American ice hockey player

Jonathan Bruce Gillies (born January 22, 1994) is an American professional ice hockey goaltender currently playing for the Syracuse Crunch of the American Hockey League (AHL). He has previously played in the National Hockey League (NHL).

==Playing career==
As a youth, Gillies played in the 2007 Quebec International Pee-Wee Hockey Tournament with the Middlesex Islanders minor ice hockey team, along with teammates Matt Grzelcyk and Miles Wood.

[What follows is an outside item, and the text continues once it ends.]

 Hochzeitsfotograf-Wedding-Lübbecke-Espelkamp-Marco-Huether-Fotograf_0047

Gillies played collegiate hockey with the Providence Friars in the NCAA Men's Division I Hockey East conference. In his freshman year, Gillies's outstanding play was rewarded with a selection to the 2012–13 All-Hockey East First Team. He was the starting goaltender for the United States at the 2014 World Juniors and played nearly every minute of the tournament, but failed to medal. During his junior season, Gillies led the Friars to the NCAA title, being chosen as the Frozen Four Most Outstanding Player.

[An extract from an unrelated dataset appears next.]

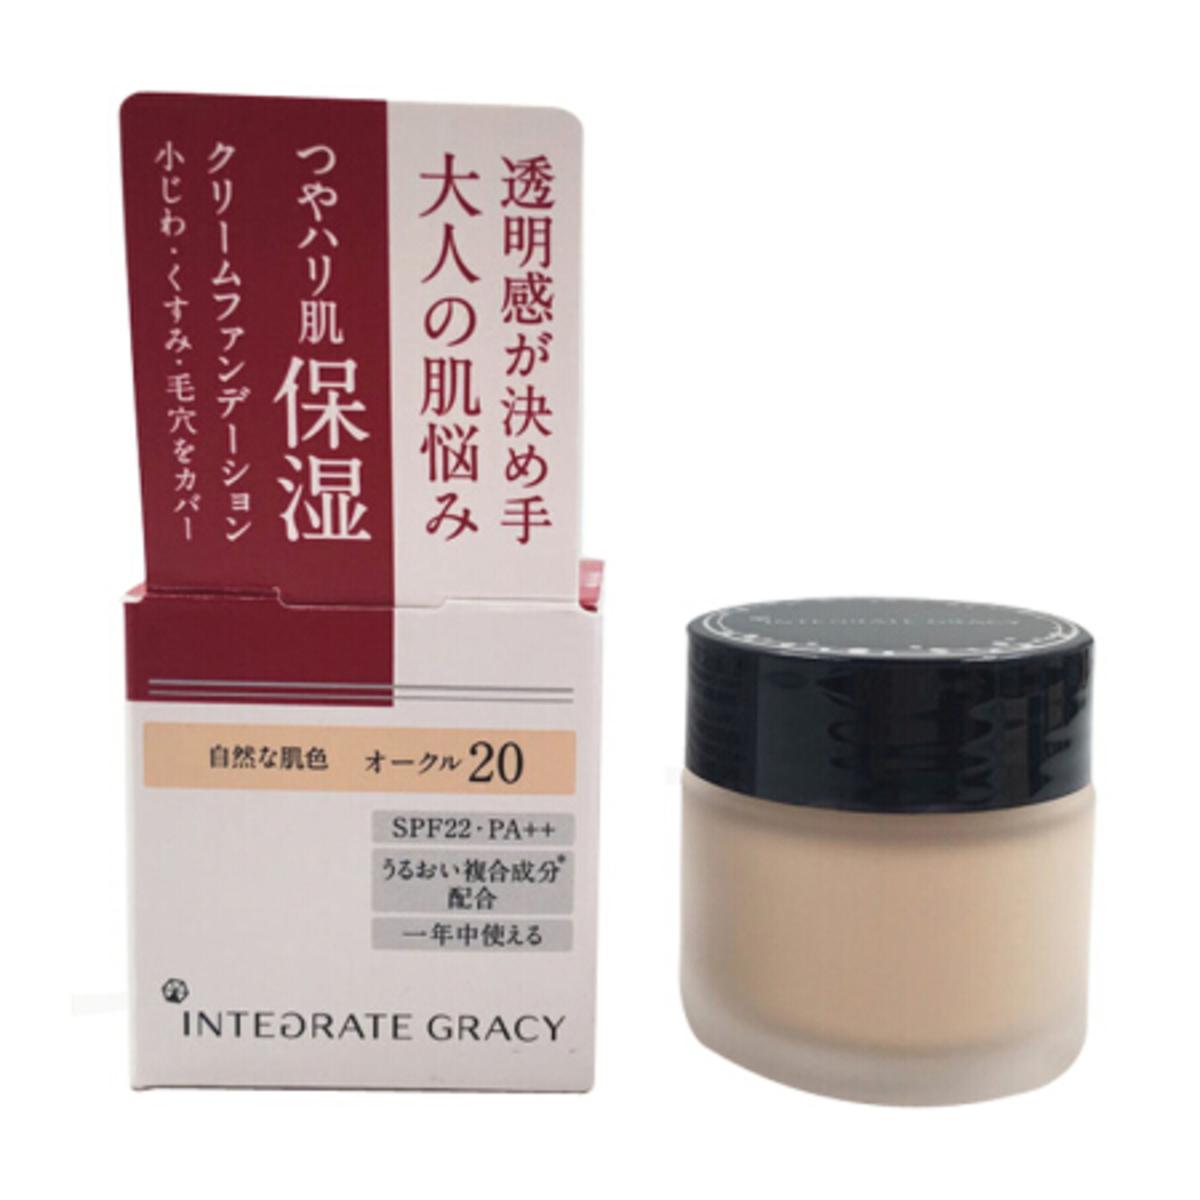 Integrate Gracy 完美意境保濕粉霜 粉底霜 25g OC-20 自然膚色

On April 15, 2015, Gillies ended his collegiate career by signing a three-year entry-level contract with the Calgary Flames.

On April 6, 2017, Gillies played his first NHL game of his career against the Los Angeles Kings. After stopping 27 shots, he recorded his first NHL career win, 4–1. He did not play during the Flames' short-lived playoff run and was assigned to their American Hockey League affiliate, the Stockton Heat, to help them finish their playoff season.

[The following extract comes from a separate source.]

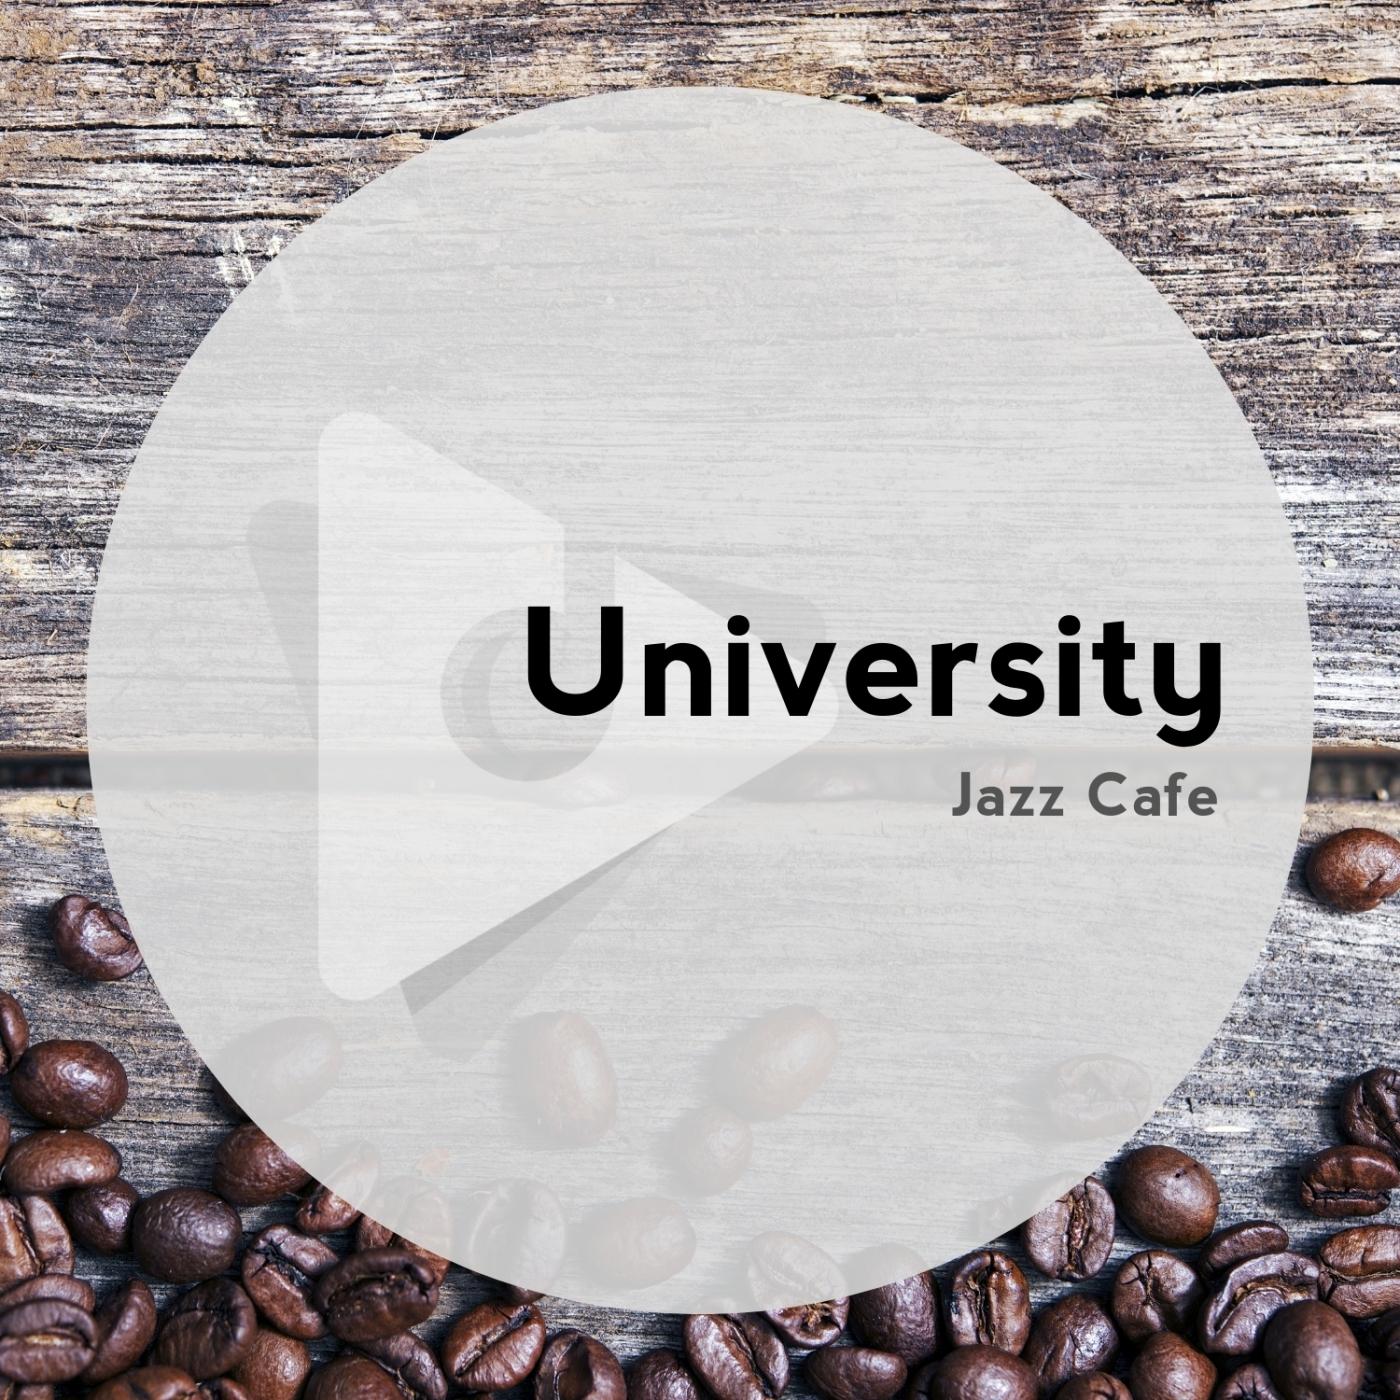 University Jazz Cafe

On October 9, 2020, Gilles signed as a free agent from the Flames to a one-year, two-way contract with the St. Louis Blues. After attending the Blues shortened training camp, Gillies was assigned to shared AHL affiliate, the Utica Comets for the 2020–21 season, registering 3 wins in 5 games.

With the 2021–22 season underway, Gillies belatedly signed as a free agent with the Maine Mariners of the ECHL on October 27, 2021. Remaining close to home and after making a lone appearance with the Mariners, Gilles was signed to a PTO with AHL affiliate, the Providence Bruins. He collected 3 wins in as many appearances before returning to the Mariners. On November 23, 2021, Gilles returned to the AHL after agreeing to a PTO with the Lehigh Valley Phantoms of the AHL, affiliate to the Philadelphia Flyers. He played in a solitary game with the Phantoms before he was signed by his former NHL club, the St. Louis Blues, on a one-year, two-way contract on December 9, 2021. He immediately was promoted to join the Blues roster, to help cover through a spate of injury woes for the team. He made his first NHL appearance in four years, debuting with the Blues in saving 36 of 39 shots of a 3–2 overtime defeat to the Anaheim Ducks on December 12, 2021. After his lone appearance with the Blues, Gillies's whirlwind season continued as he was traded by the Blues to the New Jersey Devils in exchange for future considerations on December 15.

On July 13, 2022, Gillies was signed as a free agent to a one-year, two-way contract with the Arizona Coyotes.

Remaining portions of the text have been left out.